## WHAT YOU NEED TO DO
Pictures are not part of the copy; reproduce the remaining data exactly.

## SUPPLIED DATA
= = = =
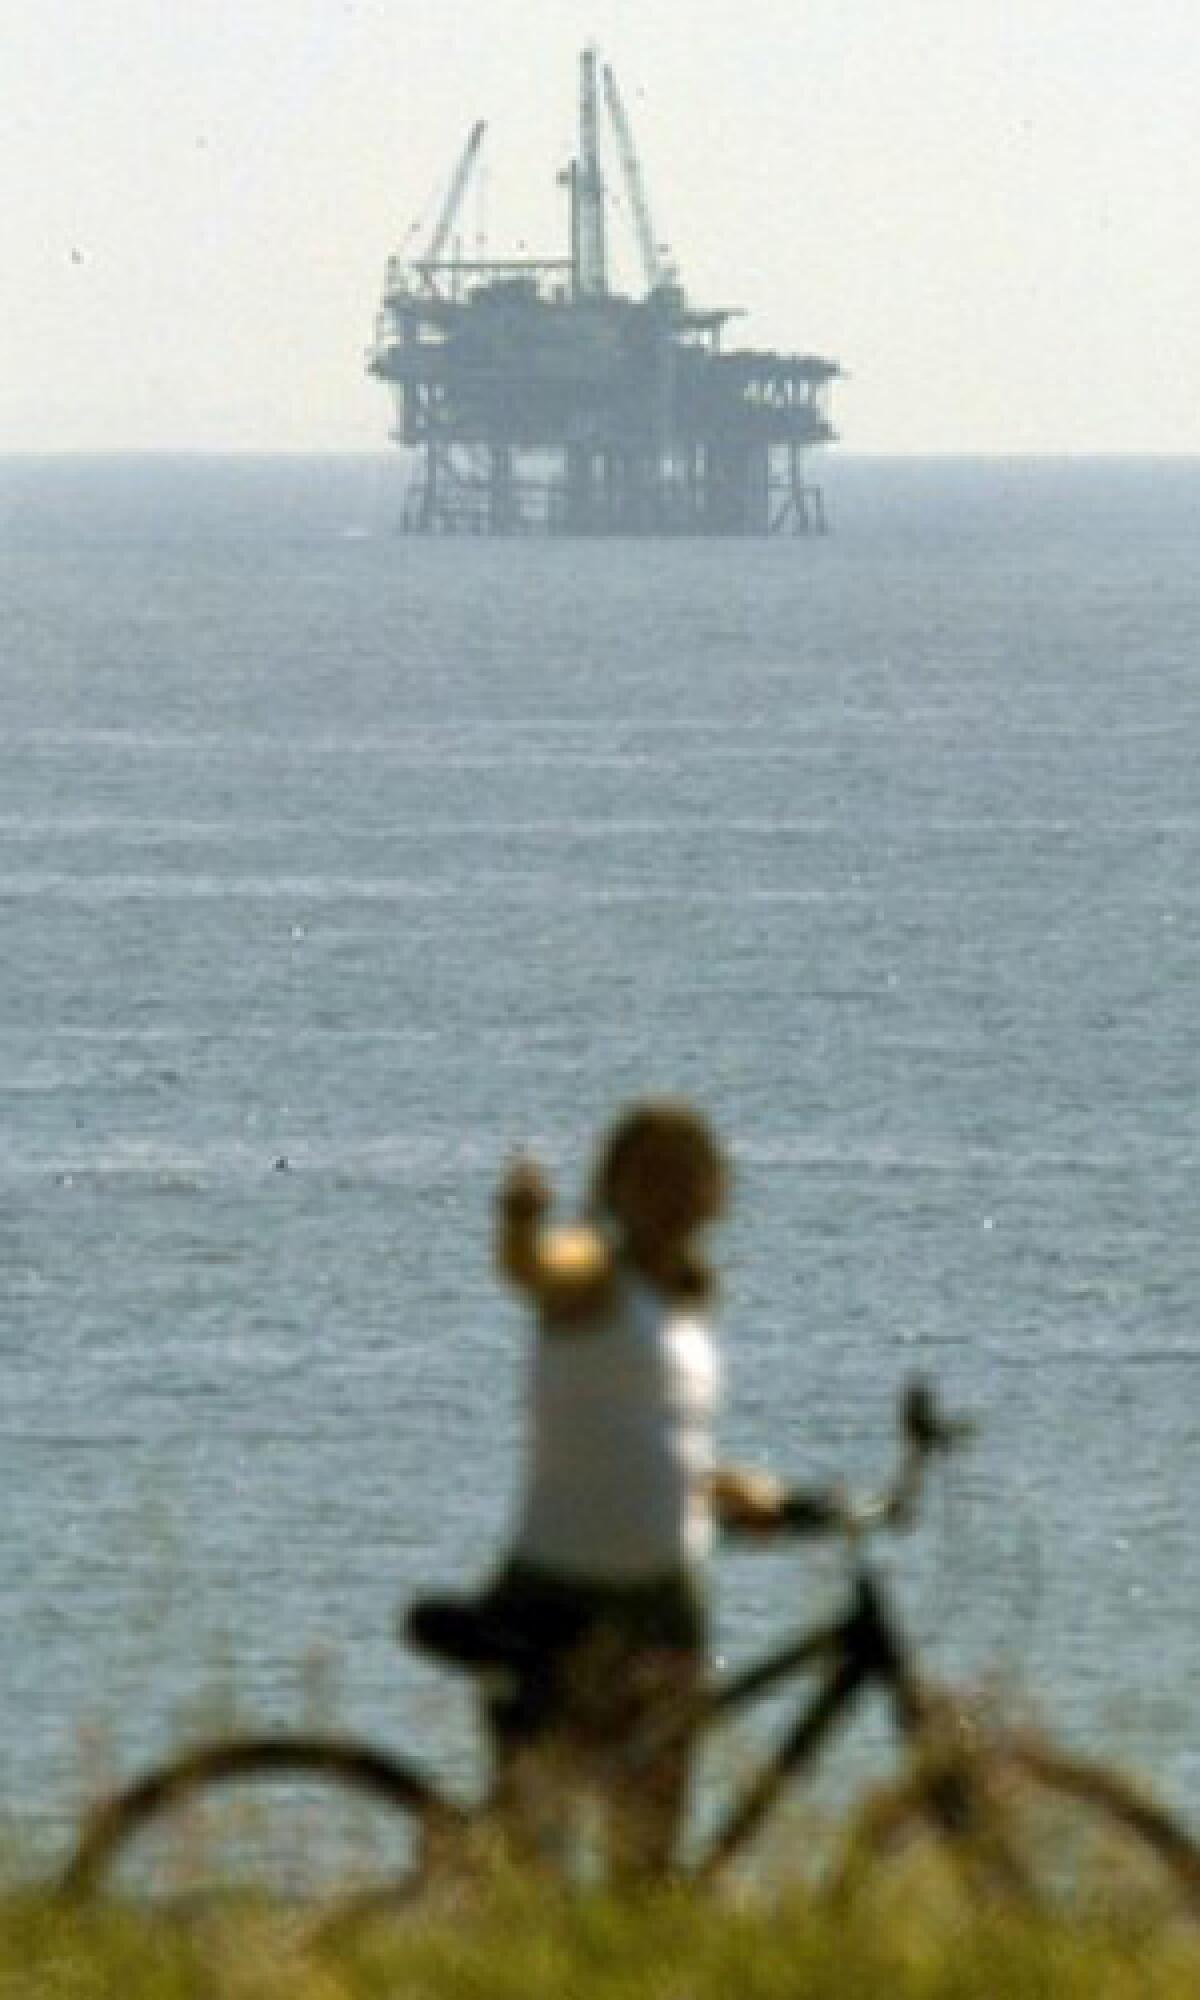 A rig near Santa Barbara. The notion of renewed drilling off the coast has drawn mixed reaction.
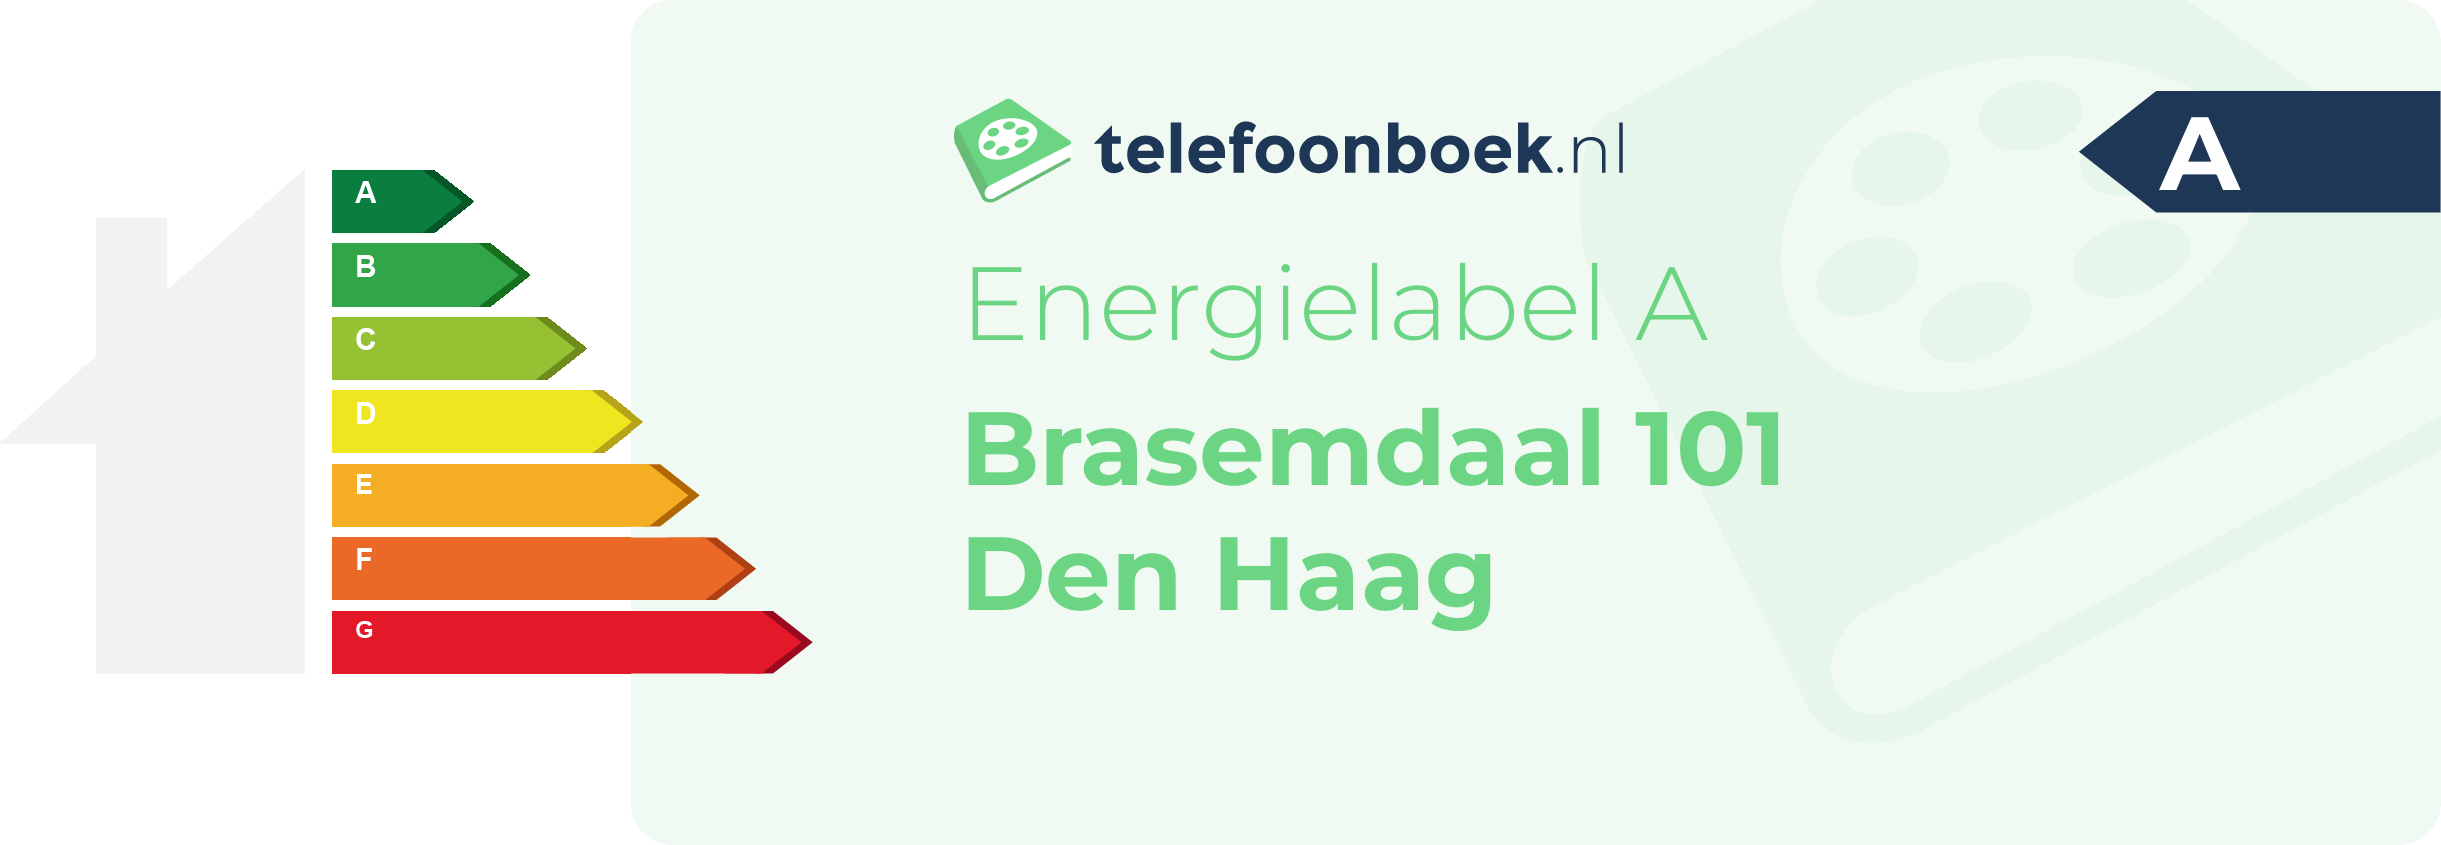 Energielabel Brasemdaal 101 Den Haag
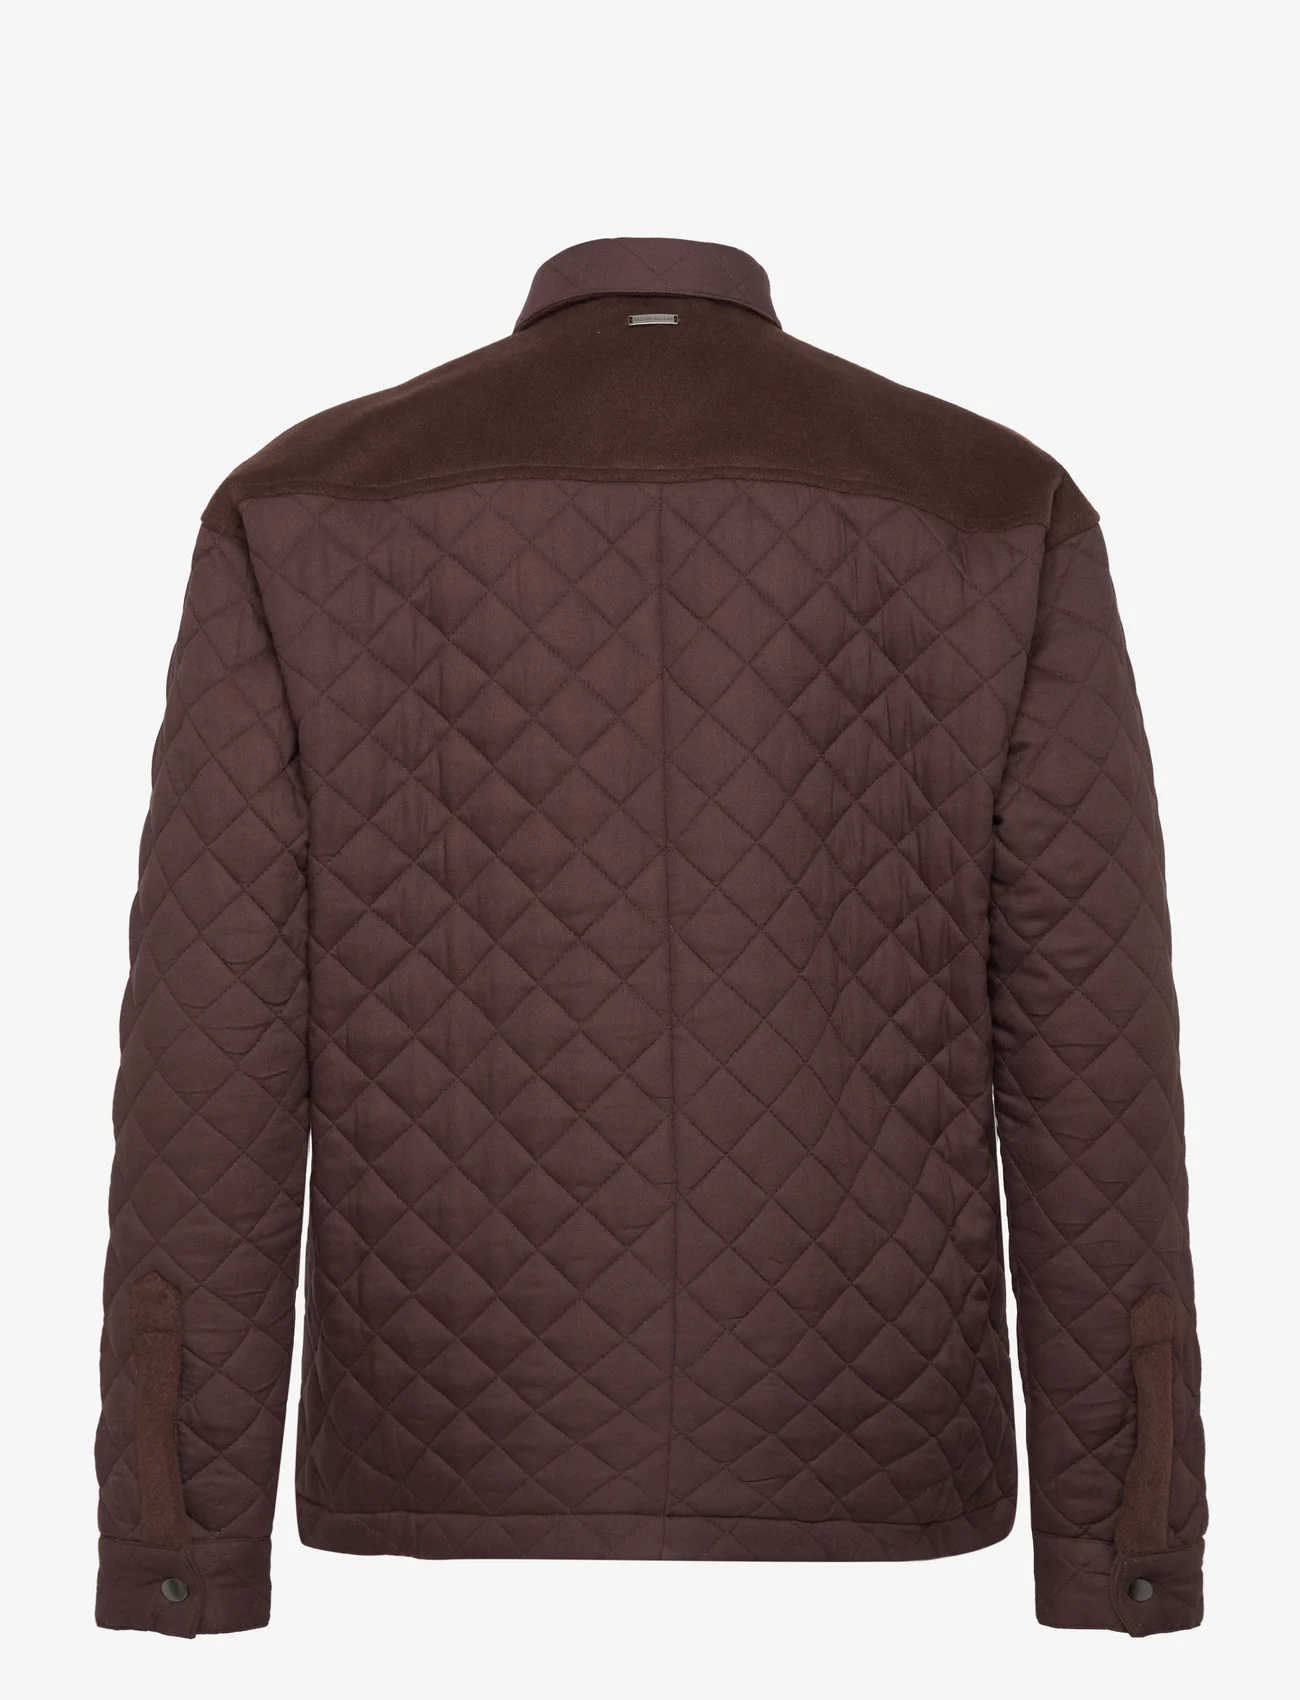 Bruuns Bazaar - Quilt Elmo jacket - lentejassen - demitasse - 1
= = = =
## RESULT OF THIS TASK
 A rig near Santa Barbara. The notion of renewed drilling off the coast has drawn mixed reaction.
 Energielabel Brasemdaal 101 Den Haag
 Bruuns Bazaar - Quilt Elmo jacket - lentejassen - demitasse - 1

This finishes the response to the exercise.